Our challenges
The health challenges are constantly evolving because the team is working with such a marginalised and vulnerable group in a setting that not only has limited resources but is subject to economic, political and military vagaries. The Covid pandemic and the military coup in Myanmar in February 2021 have only added to those challenges.
The team is always working to find other ways to ensure crucial health care still reaches the most vulnerable and, in fact, expanded services in conflict zones and communities in lockdown. For example, with Rose and the rest of her team’s support and guidance, staff marooned in Myanmar by a sudden border closure created a delivery room where they continued to offer safe care to women who could no longer travel to the clinics. When women from migrant communities in Thailand could no longer travel to the clinics because of lockdowns, Rose rallied her team to travel to the women and provide antenatal care in schools, temples, churches, mosques and other public places.

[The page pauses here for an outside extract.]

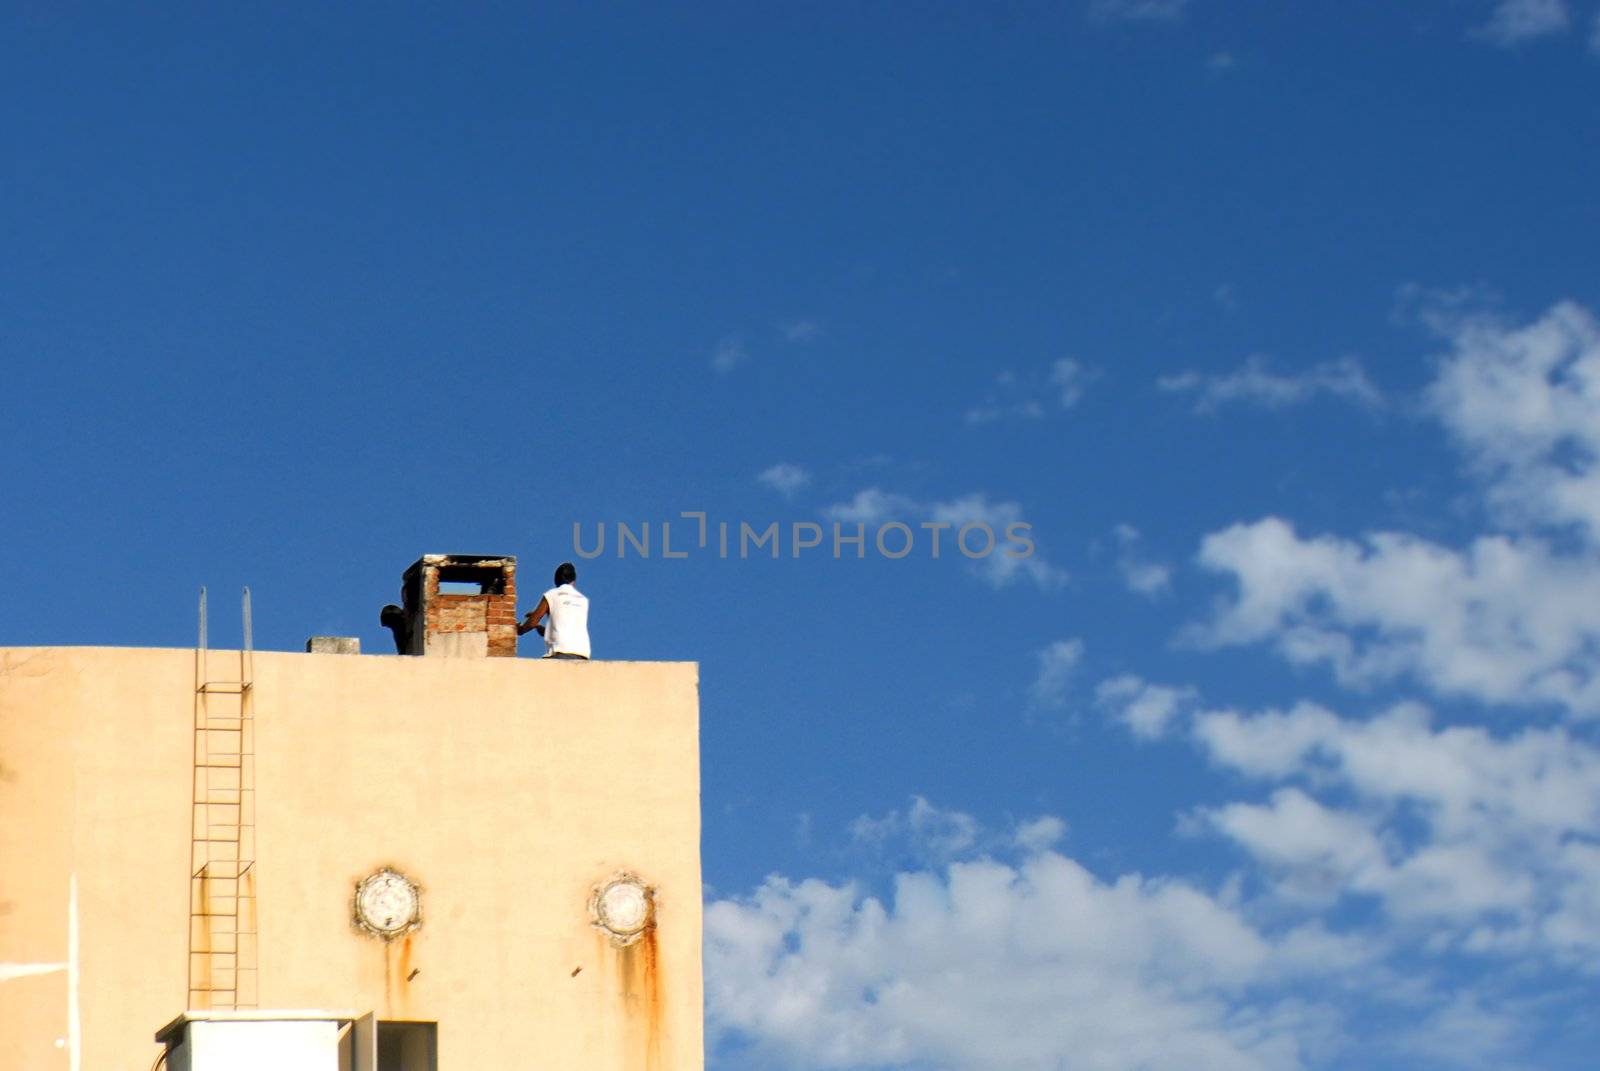 Man on a water tank over a blue sky background
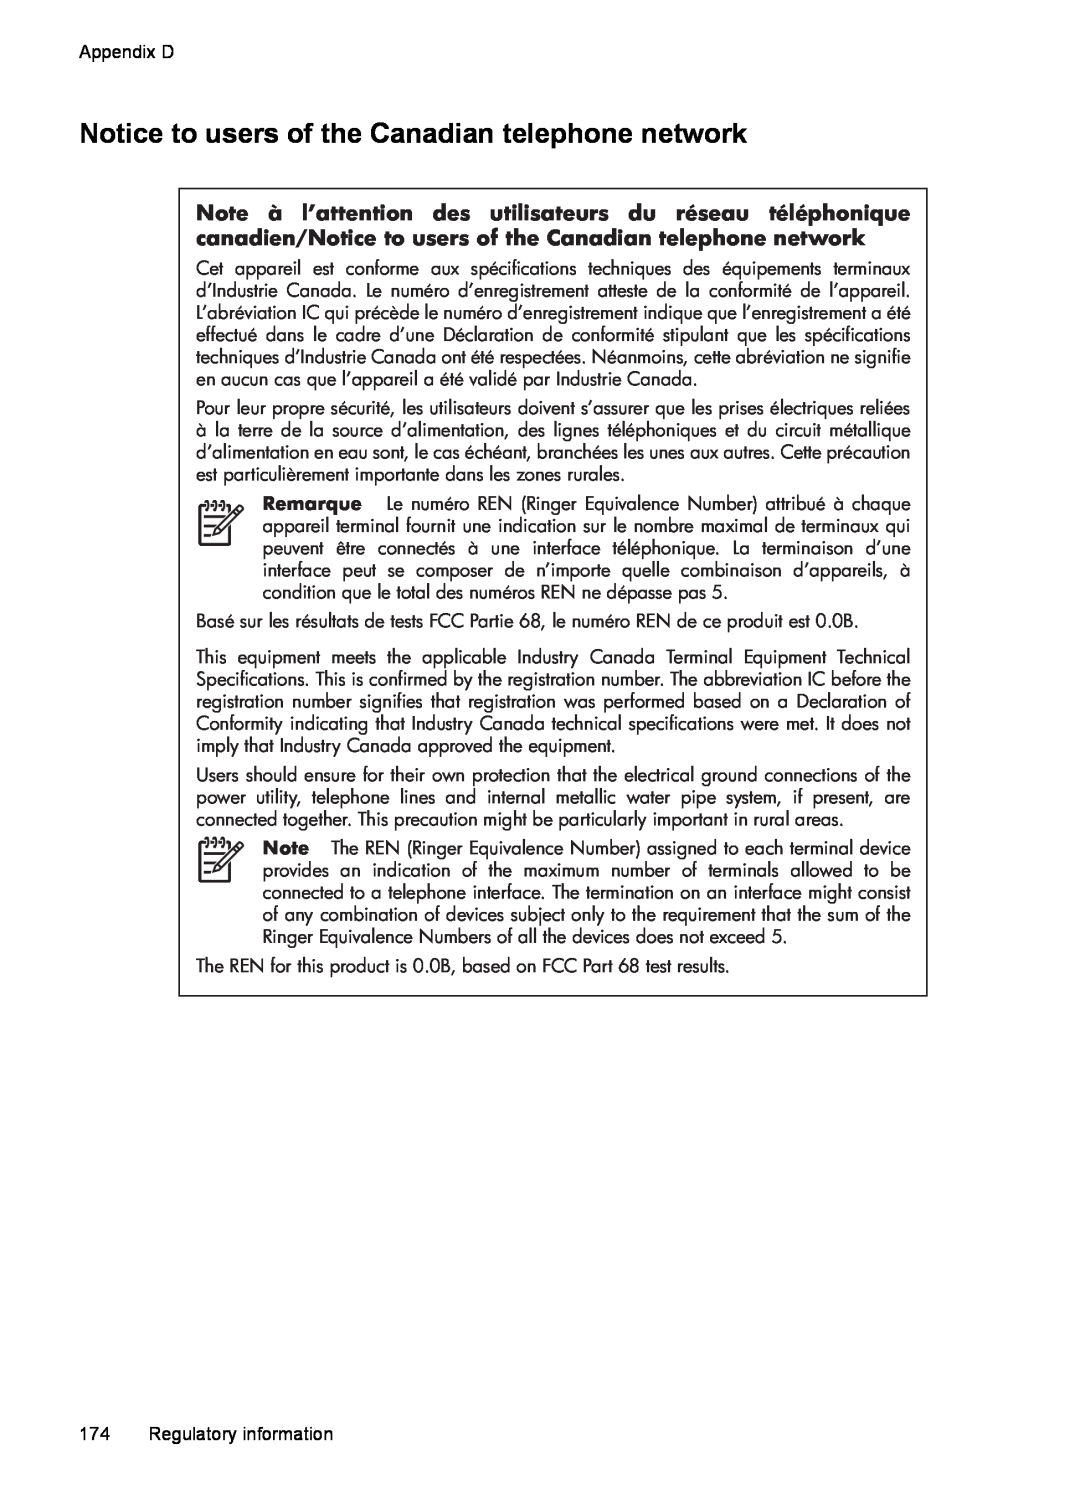 HP J4540, J4680, J4660, J4580, J4550 manual Notice to users of the Canadian telephone network

The medical challenges, however, are significant and ongoing, with the team focused on several key areas.
Reducing the maternal death rate
The maternal death rate on the Thai/Myanmar border is more than 30 times higher than Australia’s.
Maternal and neonatal mortality rates remain unacceptably high despite the significant gains Rose and her team have already achieved.
The maternal death rate has stagnated without reaching the United Nations’ Millennium Development Goals and with few prospects of reaching the Sustainable Development Goals.
Women often present too late due to barriers in accessing health care, which remains one of the biggest contributing factors to maternal and neonatal death.
Reducing rates further will be the team’s toughest challenge but they remain committed to achieving this goal with new and existing local and international partners.
Current efforts are focused on meeting the women in their own communities to provide early pregnancy care.
Reducing the number of babies born too small
Babies born too small is a significant health concern among this vulnerable group. Their growth is impaired in-utero by disease or malnutrition, which has lifelong negative implications for the children’s development, resulting in cyclical poverty.
They are also at higher risk of developing chronic diseases such as diabetes and hypertension in adulthood. One in five babies is born too small compared with one in 20 born prematurely.
SMRU was one of eight sites around the world to participate in the Interbio-21 study to examine how babies grow in utero. Of all the participating sites, SMRU had the highest proportion of babies born too small.
The research and health care teams have developed a multi-faceted strategy to tackle this problem. Vivax malaria is a major cause but growing awareness of other factors, such as nutrition and lack of nutritional support for pregnant women, has prompted this multidisciplinary approach.
Eradicating the recurrent form of malaria
Vivax malaria is a strain that resides in the liver (for part of its life cycle) and is far less deadly to a pregnant mother than falciparum malaria, but it is harder to cure.
Rose’s team have published evidence showing it is a major cause of babies born too small, as well as too early. This strain can reoccur multiple times during the same pregnancy and can be passed onto babies in utero. The harmful effects of the disease increase in proportion to recurrences.
No safe treatment exists for pregnant mothers to eliminate the parasite from their liver, because the only drug available cannot be used during pregnancy.
Rose’s team is involved in a study funded by the Thrasher Foundation of a single use drug in lactating mothers, so women can be treated early and prevent recurrences of fever and illness as they care for their young babies.